Astria Therapeutics ha anunciado la aprobación de la FDA de su solicitud IND para STAR-0310, un anticuerpo monoclonal antagonista de OX40 dirigido al tratamiento de la dermatitis atópica (AD) y potencialmente otras condiciones. El ensayo de fase 1a comenzará en el primer trimestre de 2025, con resultados iniciales de prueba de concepto esperados para el tercer trimestre de 2025. Se anticipan los resultados de prueba de concepto en pacientes con AD para el segundo trimestre de 2026. Según Chris Morabito, Director Médico, STAR-0310 está diseñado para aprovechar el conocimiento existente sobre los programas de receptor y ligando OX40. La alta afinidad y potencia del fármaco, junto con una baja ADCC, podrían ofrecer una ventana terapéutica más amplia y potencialmente permitir una dosificación tan poco frecuente como cada seis meses debido a su larga vida media y su potencial modificador de la enfermedad.
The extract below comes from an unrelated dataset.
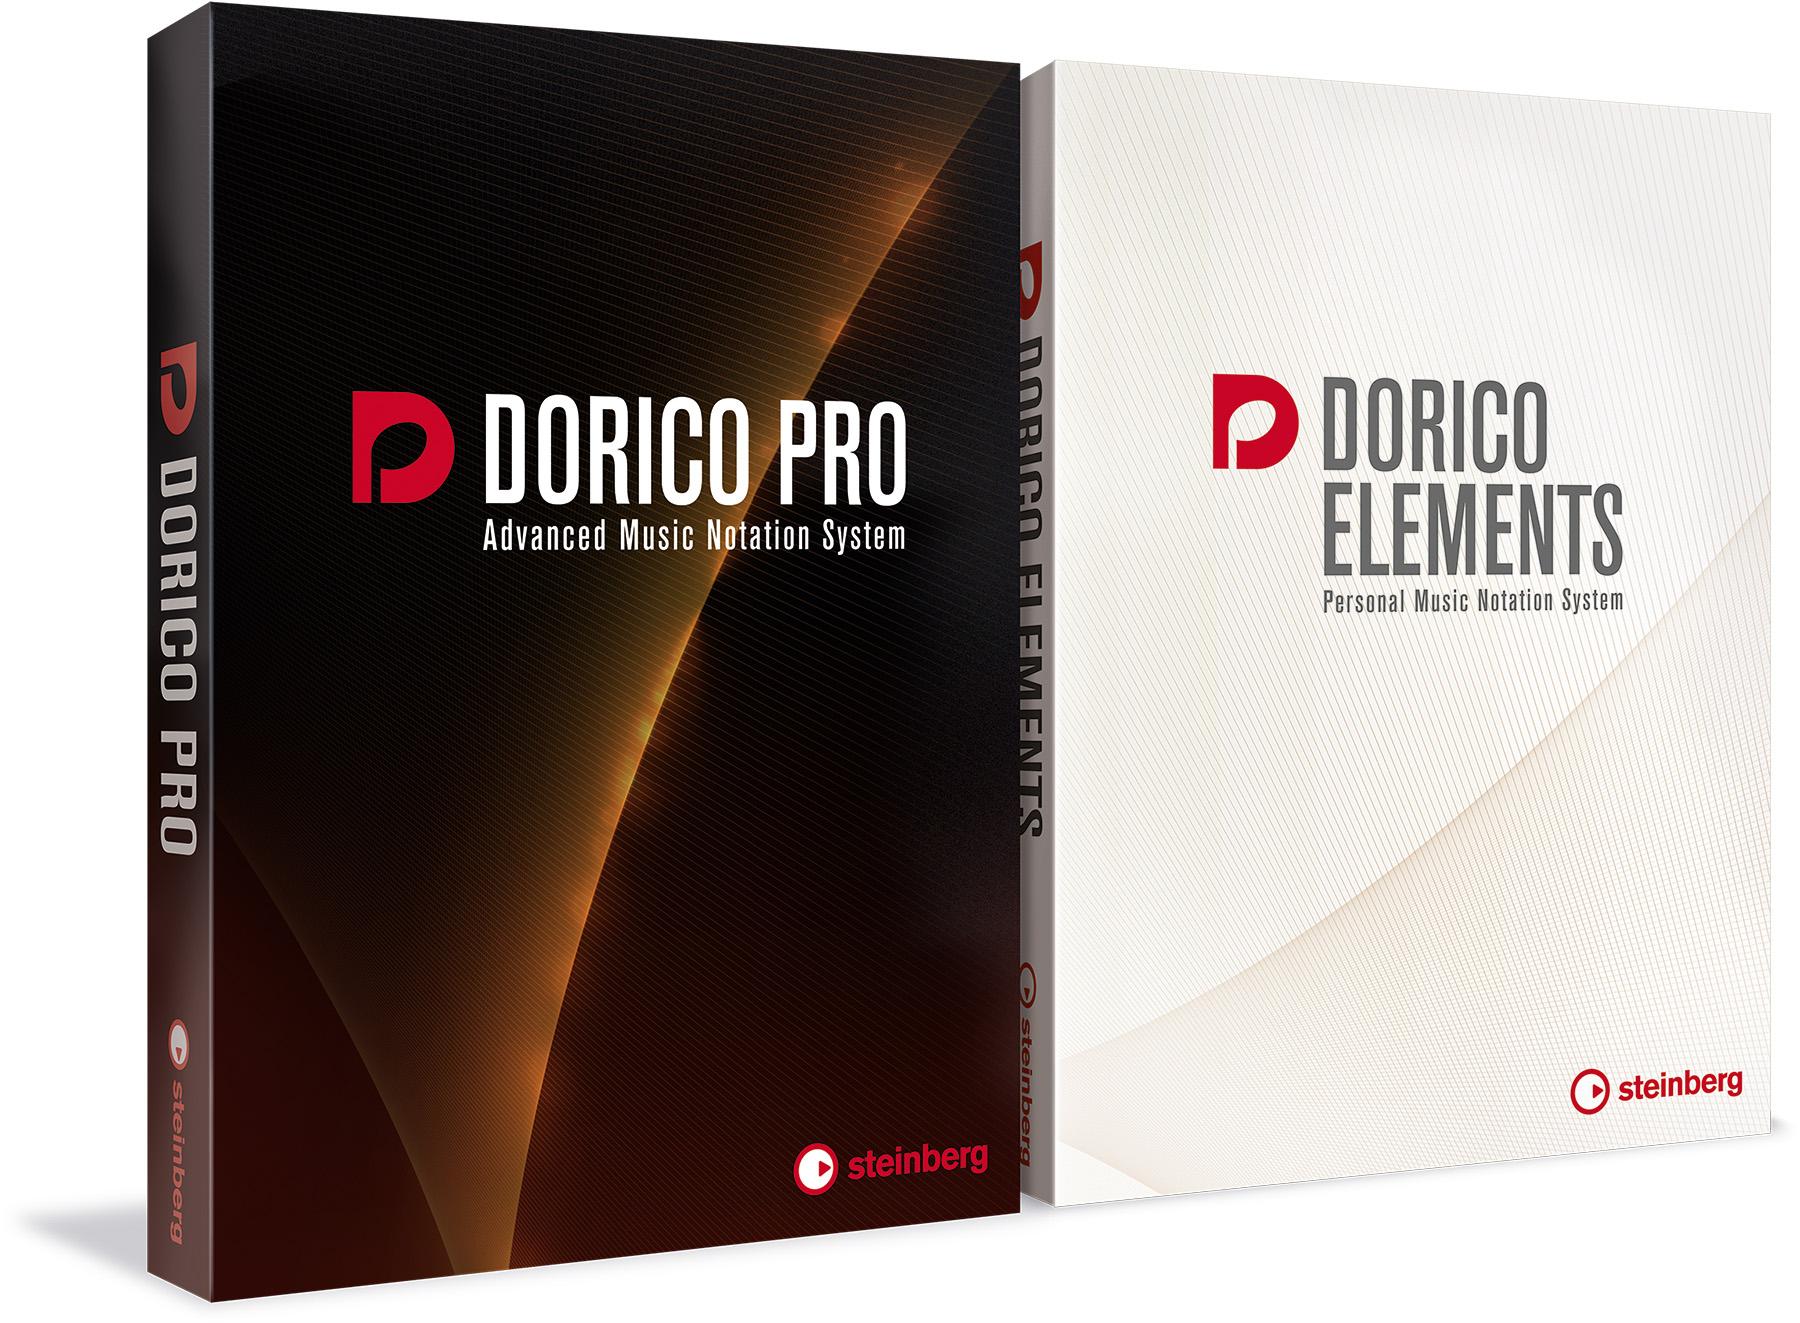 News: Dorico Pro 2 und Dorico Elements 2 von Steinberg erhältlich

Astria Therapeutics는 아토피 피부염(AD) 및 잠재적으로 다른 질환을 치료하기 위해 설계된 OX40 길항체인 STAR-0310에 대한 IND 신청이 FDA 승인을 받았다고 발표했습니다. 1a 단계 시험은 2025년 1분기에 시작될 예정이며, 초기 개념 증명 결과는 2025년 3분기까지 예상됩니다. AD 환자에 대한 개념 증명 결과는 2026년 2분기까지 기대되고 있습니다. Chris Morabito 의료 담당자에 따르면, STAR-0310은 OX40 수용체 및 리간드 프로그램에 대한 기존 지식을 활용하기 위해 설계되었습니다. 이 약물의 높은 친화력과 효능, 낮은 ADCC는 더 넓은 치료 창을 제공할 수 있으며, 긴 반감기와 질병 수정 가능성으로 인해 6개월에 한 번씩 투여할 수 있을 가능성도 있습니다.
Astria Therapeutics a annoncé l'approbation par la FDA de sa demande IND pour STAR-0310, un anticorps monoclonal antagoniste OX40 destiné à traiter la dermatite atopique (AD) et potentiellement d'autres conditions. L'essai de phase 1a devrait commencer au premier trimestre de 2025, avec des résultats initiaux de preuve de concept attendus d'ici le troisième trimestre de 2025. Les résultats de preuve de concept chez les patients atteints d'AD sont prévus pour le deuxième trimestre de 2026. Selon Chris Morabito, directeur médical, STAR-0310 est conçu pour tirer parti des connaissances existantes sur les programmes de récepteurs et de ligands OX40. La forte affinité et la puissance du médicament, associées à une faible ADCC, pourraient offrir une fenêtre thérapeutique plus large et potentiellement permettre une posologie aussi peu fréquente que tous les six mois en raison de sa longue demi-vie et de son potentiel modificateur de la maladie.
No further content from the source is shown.